Selain itu, upah bagi para pekerja rumah tangga juga diatur dalam RUU PPRT itu. Dia mengatakan, RUU ini memberi pengakuan bagi pekerja rumah tangga.
"Di sini akan menjadi amat penting kalau melihat RUU PPRT ini tidak hanya kita berfokus perlindungan kepada pekerja rumah tangga saja, bagaimana juga pengaturan pemberi kerja, majikan, demikian juga penyalur pekerja ini," tuturnya.
Sementara itu, Menteri Ketenagakerjaan Ida Fauziyah mengatakan, jaminan sosial juga diatur dalam RUU PPRT. Seperti jaminan sosial kesehatan maupun ketenagakerjaan.
"Itu termasuk dalam yang diatur dalam RUU PPRT ini, perlindungan dan jaminan sosial, baik kesehatan dan jaminan sosial ketenagakerjaan," ucapnya.
Sebelumnya, Presiden Joko Widodo (Jokowi) berupaya agar rancangan undang-undang tentang perlindungan pekerja rumah tangga (RUU PPRT) segera disahkan menjadi undang-undang. Jokowi berkomitmen memberikan perlindungan terhadap pekerja rumah tangga.

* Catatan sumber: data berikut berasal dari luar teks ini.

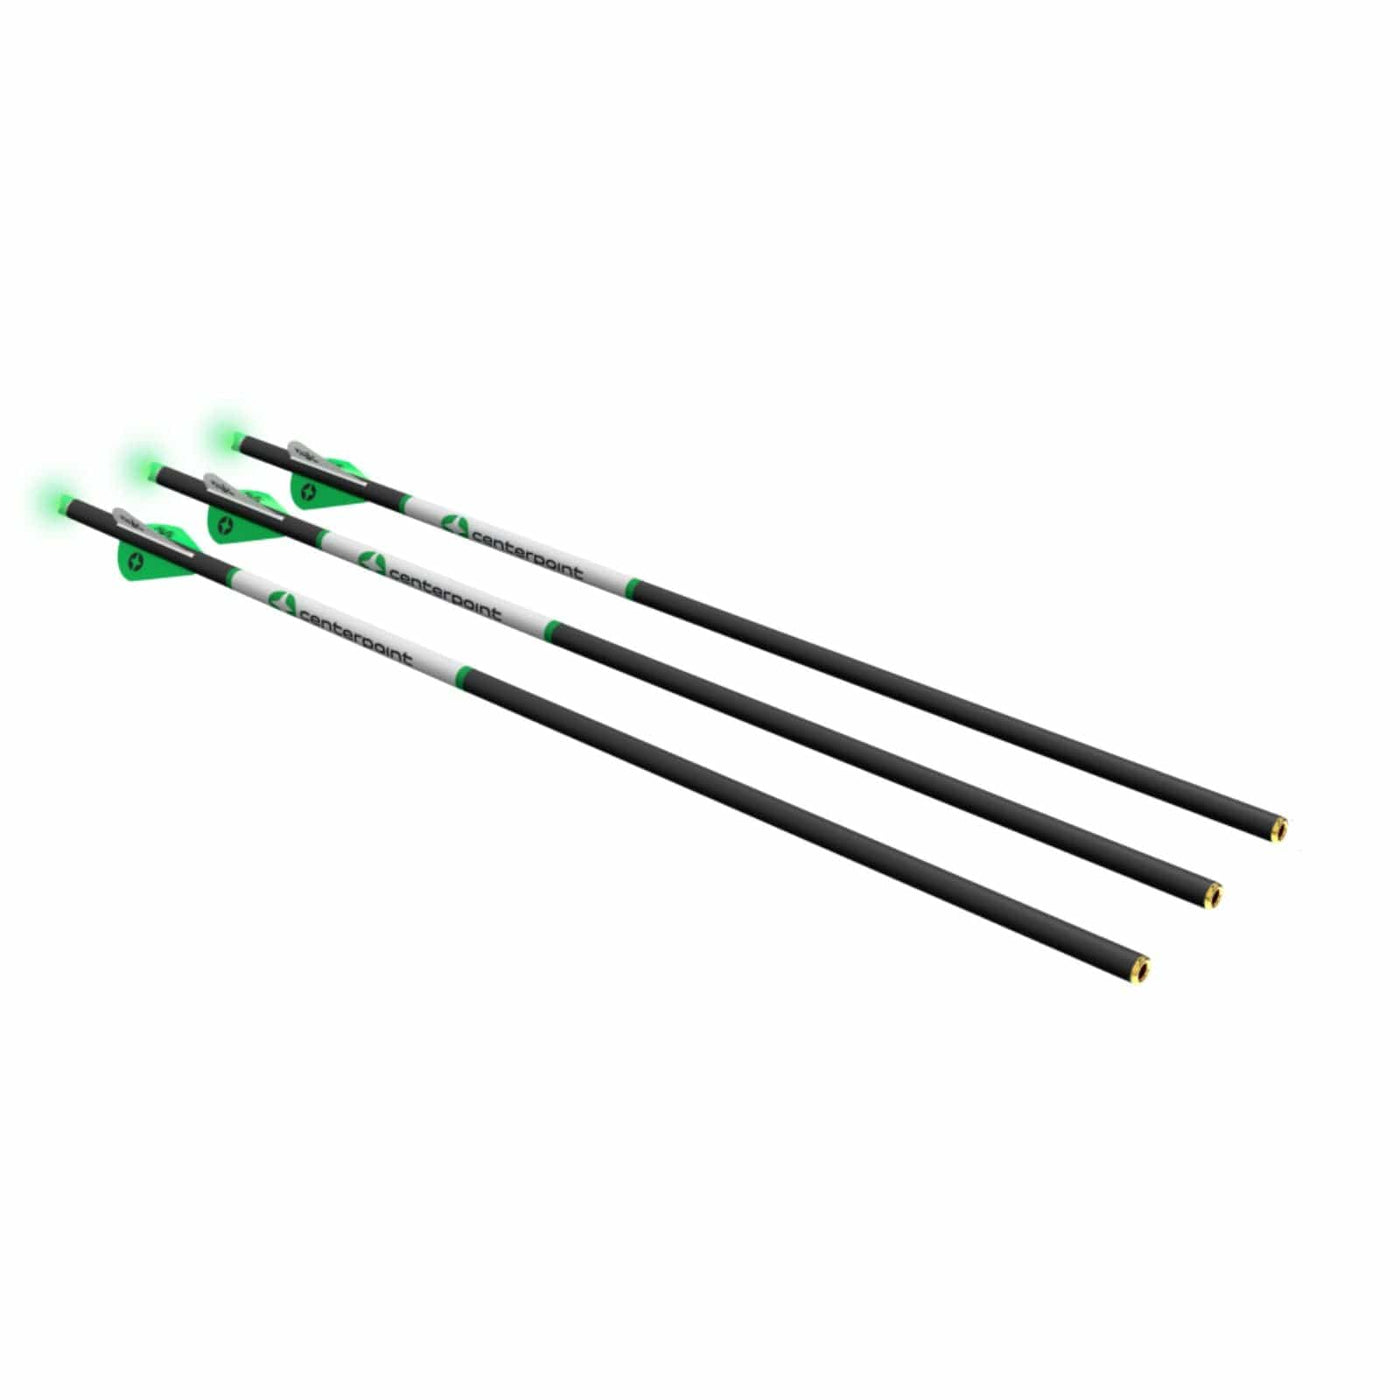 CenterPoint CenterPoint Premium 20 inch Arrow w Lighted Nocks Archery

"Saya dan pemerintah berkomitmen dan berupaya keras untuk memberikan perlindungan terhadap pekerja rumah tangga," kata Jokowi dilihat dari tayangan Youtube Sekretariat Presiden, Rabu (18/1).
"Saya berharap UU PPRT bisa segera ditetapkan dan memberikan perlindungan yg lebih baik bagi pekerja rumah tangga dan kepada pemberi kerja, serta kepada penyalur kerja," sambungnya.
Jokowi menuturkan, jumlah pekerja rumah tangga di Indonesia diperkirakan mencapai 4 juta jiwa dan rentan kehilangan hak-haknya sebagai pekerja. Kata dia, sudah lebih dari 19 tahun RUU PPRT belum disahkan.
"Hukum ketenagakerjaan di Indonesia saat ini tidak secara khusus dan tegas mengatur tentang pekerja rumah tangga," ucapnya.
Kepala negara menjelaskan, RUU PPRT sudah masuk dalam daftar RUU prioritas di tahun 2023 dan akan menjadi inisiatif DPR. Dia pun memerintahkan menteri terkait untuk segera berkonsultasi dengan DPR.
"Untuk mempercepat penetapan UU PPRT ini, saya perintahkan kepada menteri hukum dan ham dan menteri ketenagakerjaan untuk segera melakukan koordinasi dan konsultasi dengan DPR dan dengan semua stake holder," pungkasnya.